Wednesday, April 17, 2019

Six Years Later...

Today doesn't hurt any less than April 17, 2013 did. To date, this is my least favorite day of the year, April 17. It's the day that I dread for 364 days every single year. Now it's here and what? I spend the next 23.5 hours crying or trying not to cry while I wonder, usually resentfully, how my mother and siblings push through. I hate today, April 17th. 

The sadness, hurt and anger I feel on this day doesn't leave from year to year. The pain I felt on April 17, 2013 has derailed my life. Grief  has consumed me, it has made it impossible for me to make good decisions, and makes me unable to see when I make bad ones. I've lost time with my family because I cannot see past my grief. I still just find myself so sad most days, which is a huge improvement over EVERYDAY but still isn't where I need or want to be. I know I need to find a way to move past my grief. I need to work on being mentally healthy. My father would really not have been happy with this pity- party I've been throwing for 6 years now! While flattered at first, by 2 or 3 months he would have said move on. When years 3 and 4 came around, and my life was really hitting rock-bottom,  he would have been angry.  He would tell me now that I need to stop. I need to pull my life together and stop wasting time grieving over him. Especially since he did not think himself worthy of this kind of wallowing and grieving :)

Today I am going to do my best to move past the tears and see the life ahead of me. And when I wake up on April 18, 2019, I am going to work to live for more than another year passing since my father died. I am going to live for me! I am going to live for my husband & children. I am going to think of a happy moment everytime a sad one creeps in. This year I'm going to do it.

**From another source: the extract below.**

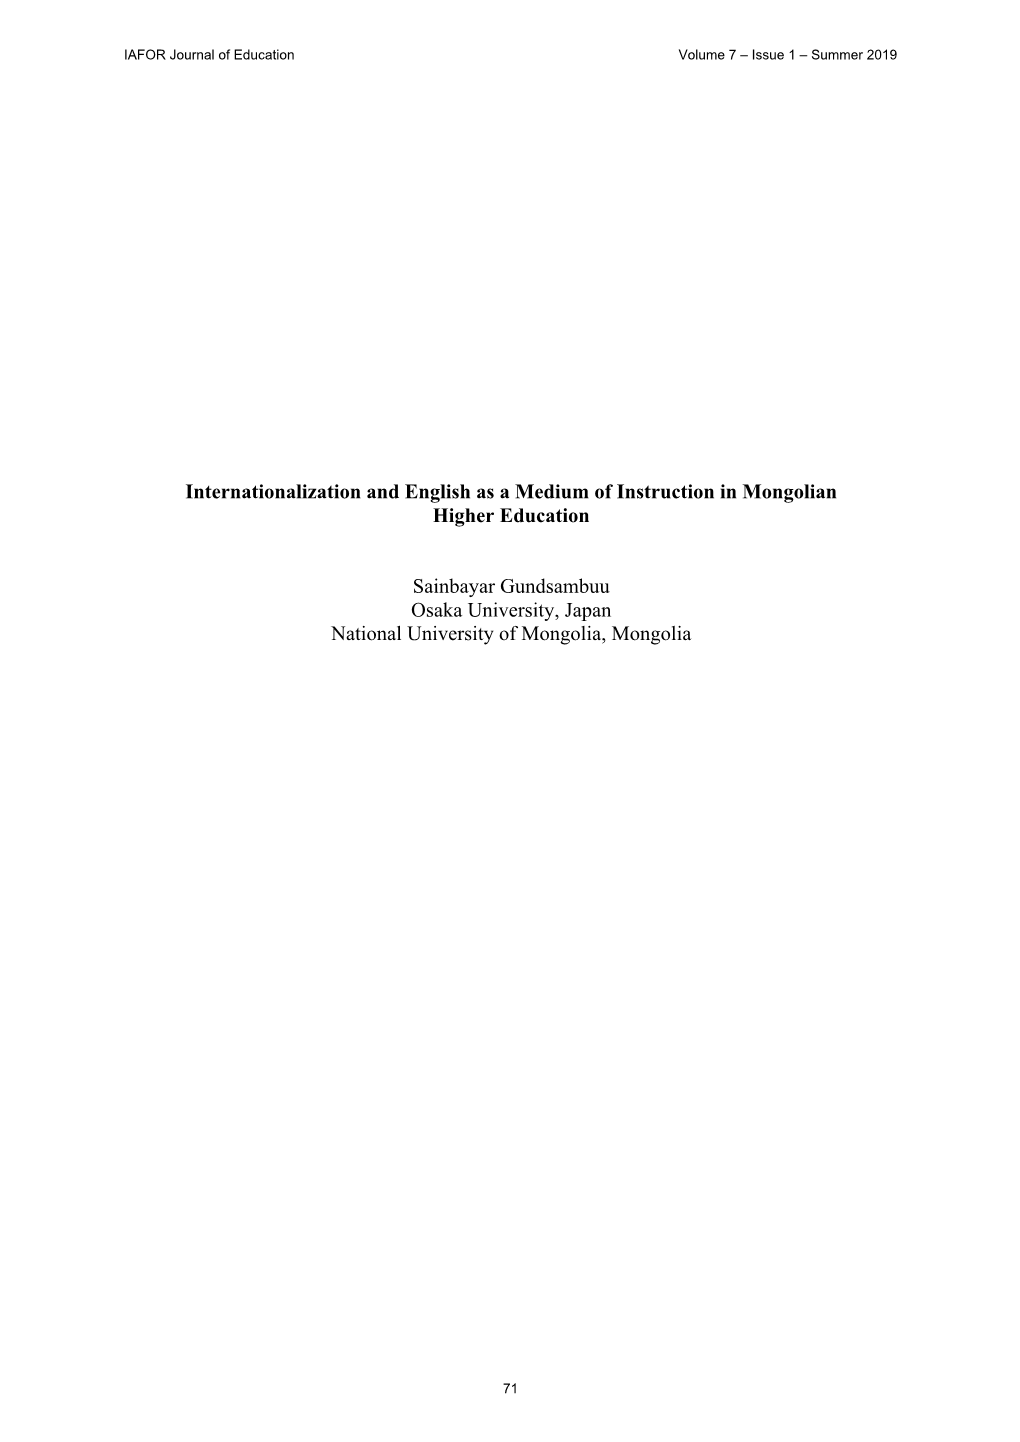 Internationalization and English As a Medium of Instruction in Mongolian Higher Education

I love you dad and I will never stop but no more tears! Forward I go.

Wednesday, April 10, 2019

It's A Struggle For Sure

I've always tried to be as honest and open about my struggles because I know there are so many people out there suffering but not able to share so I share for you. I share in hope of helping just one person know they are not allow. I also share for me. For me it's a way to take all the words in my mind and give them another place to be! A place far outside my brain!

The question "who are you?" has become akin to nails on a chalkboard for me. In my mind the answer is depressingly easy, "I am a felon".
That's correct, I have spent 44 years on this earth, 11mos of it in jail, and the first answer that pops into my head, every time is, "I'm a felon".  I went to my child's Eagle Scout ceremony and as I introduced myself to people, I nearly said "Hi I'm Emily, the felon" not mother of the child, not wife, not mother of 3, nope just felon.

So last night my husband, being particularly attentive and understanding, listened to me introduce myself as Emily, the felon. Then he looked at me and said name 8 things that have happened in the past 8 years that have greatly and you'd say negatively have happened. I looked at him unamused and ask why, he responded, humor me. So I did.
My List:
My father died
I destroyed my husband's trust in me
I ruined my family's finances
I tried to kill myself
I trusted and did for the wrong people
I caused my family to feel unsafe in their home
I lost a year of time with my husband and monsters
I hurt my family

Those are the top 8 things I've lived through the past 8 years. With that list my husband asked me where being a felon was. I said not in my top 8, it's just who I am. He said, "on that list where is going to jail, being poisoned & tortured?" I answer, Not in my top 8. Then he looked at me, as I sobbed, and asked "then why do you see yourself first and only as a felon?" So I cried, ugly, sobbing cries as he went over my list of 8 again and said, "Emily is a daughter, a mother, a wife, a protector, a lover, a loyal friend". Of course I decided he didn't have to sleep on the couch last night as I continued to sob ;-)

The point that I need to share and need to get out is that for weeks, months I've been slipping further and further into a depression and the further I fall the brighter my scarlet "F" gets until it's donned some lights and started flashing!  Can I make my "F" go away? No. But what I can do and am working to do is take the lights down or at least dim them.

It's a bump in my road. If it wasn't the felony it would have been something else, that's the bigger point. When you live with Bipolar disorder and depression,  there is always going to be a letter on your chest and the majority of the time it's put there by you! That IS the disorder! How can your brain play tricks on you. And it's so easy to slip into depression. It's so easy to believe all the negative.

The other thing I'd like to share is that sharing isn't just hard because of the people that don't understand or "believe" mental illness, it's hard because mental illness is so individualized and the topic is so sensitive that sometimes when I share people, trying to be supportive don't really understand me and my illness. The best way to help someone with a mental illness is to make sure that they know how to find help when/if they want it.  For me that looks like a very, very small support system of family, a friend, okay two and doctors. They are people I see, talk to and trust everyday.  Don't read too much into my social media posts if they haven't. Sometimes I just have words I need to get out!

I'm going to end by saying, I'm struggling right now. I am working through it. I have awesome support.